Inflammation is a vital reaction mechanism to threats, and it is part of a beneficial defense system that has evolved and been conserved evolutionarily over thousands of years. But why is this process associated with diseases? While inflammation is primarily protective and helps maintain tissue equilibrium, uncontrolled inflammation can become detrimental, leading to the progression of chronic inflammatory diseases. This 101 series aims to provide a comprehensive understanding of the inflammatory process by emphasizing its historical context, intricate mechanisms, and events that will determine its end or the development of diseases. Through six captivating chapters, readers will obtain a holistic perspective on inflammation and its significance in health and disease.


This 101 series is divided into six articles including:


  1. General Pathology 101: Inflammation - Historical Perspectives

  2. General Pathology 101: Inflammatory Cells and Mediators

  3. General Pathology 101: Inflammatory Cells Recruitment and Clearance

  4. General Pathology 101: Resolution of Inflammation

  5. General Pathology 101: Acute vs. Chronic Inflammation

  6. General Pathology 101: Inflammatory Diseases


General Pathology 101: Inflammatory Cells and Mediators


The body’s defense system (immune system) responds to injury or irritation through a natural response known as inflammation. During this process, several cellular and biochemical events are triggered as a consequence of tissue damage. Central to the formation of inflammation are the inflammatory mediators, which include molecules of different natures such as proteins, peptides, glycoproteins, cytokines, arachidonic acid metabolites (prostaglandins and leukotrienes), nitric oxide, and oxygen free radicals. These compounds are produced by the cells present in the affected area, including epithelial cells (lining cells), endothelial cells (cells that form the blood vessel wall), and infiltrating inflammatory cells (cells that migrate from the blood circulation to the affected tissue). Inflammatory mediators produced at the onset of the inflammatory response induce dilation and increased leakiness of blood vessels, favoring the migration of inflammatory cells (leukocytes) from the bloodstream to the affected tissue. Infiltration of inflammatory cells from the circulation is essential since these cells are primarily responsible for the elimination of the harmful agent, removing bacteria, particles, and cell debris, facilitating tissue repair (Figure 1).
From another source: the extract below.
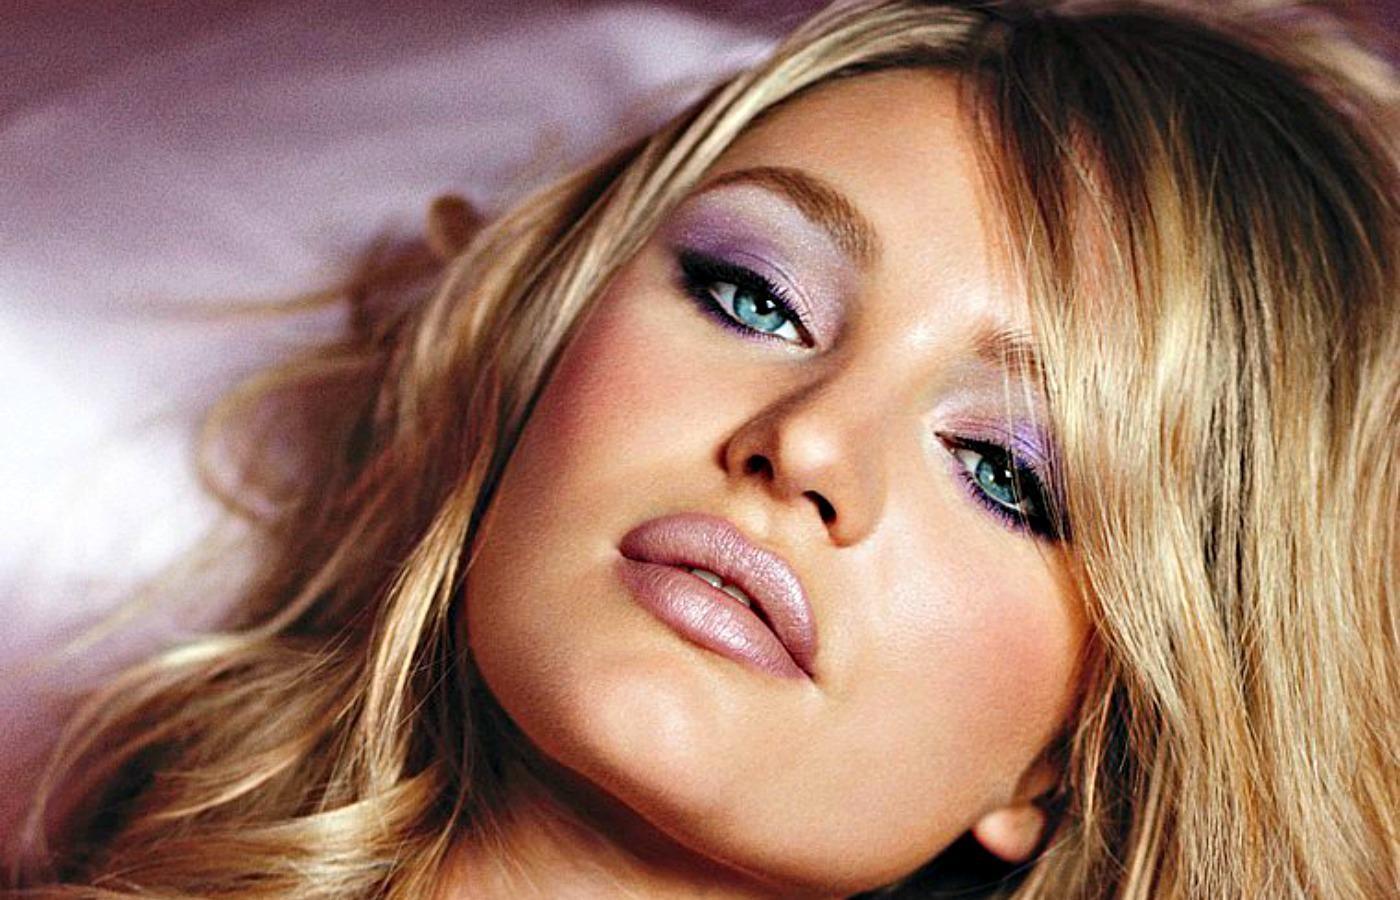 Wallpaper Face Women Model Singer Blue Mouth Nose: Wallpaper : Face, Women, Model, Blonde, Long Hair, Singer

Figure 1: Key stages of the inflammatory response (MedicTests., n.d.).

What are the Essential Elements of the Inflammatory Response?

The inflammatory response is a complex and finely regulated process that consists of four basic components: inducers, sensors, mediators, and target tissues (Figure 2). Inducers —for instance, bacteria— trigger the inflammatory response as they are detected by sensors present on the surface of the cells. Sensors are known as receptors, molecules that recognize and bind to an inducer. Sensors, such as Toll-like receptors (TLRs), are expressed on specialized sentinel cells, specific cells in the tissue that monitor the presence of dangerous and injurious substances. These cells produce and release inflammatory mediators after recognizing a harmful agent (inducers). Then, these mediators act on various target tissues and cells, which respond by altering their functional states and by producing further mediators to build an effective inflammatory response against damaging stimuli. Furthermore, these inflammatory mediators are responsible for the appearance of clinical signs of inflammation such as fever, swelling, and pain (Medzhitov, 2010).


Figure 2: Inflammatory pathway components (Medzhitov, 2010).

Inflammatory Cells: Leukocytes

The inflammatory cells (also known as leukocytes) are important players during an inflammatory reaction. There are several types of leukocytes, including neutrophils, monocytes, eosinophils, lymphocytes, macrophages, mast cells, and basophils (Figure 3). They can be classified into granulocytes (where small granules can be observed inside them by using specific tools, e.g., a microscope) and agranulocytes (where granules are absent or are too small to be identified). Each of these cell types has a unique role to play in the body's defense system. For example, neutrophils and eosinophils play a more active role in the initiation or acute response to an infection or injury. In contrast, lymphocytes and macrophages play an important role in the prolonged or chronic response to infection or injury.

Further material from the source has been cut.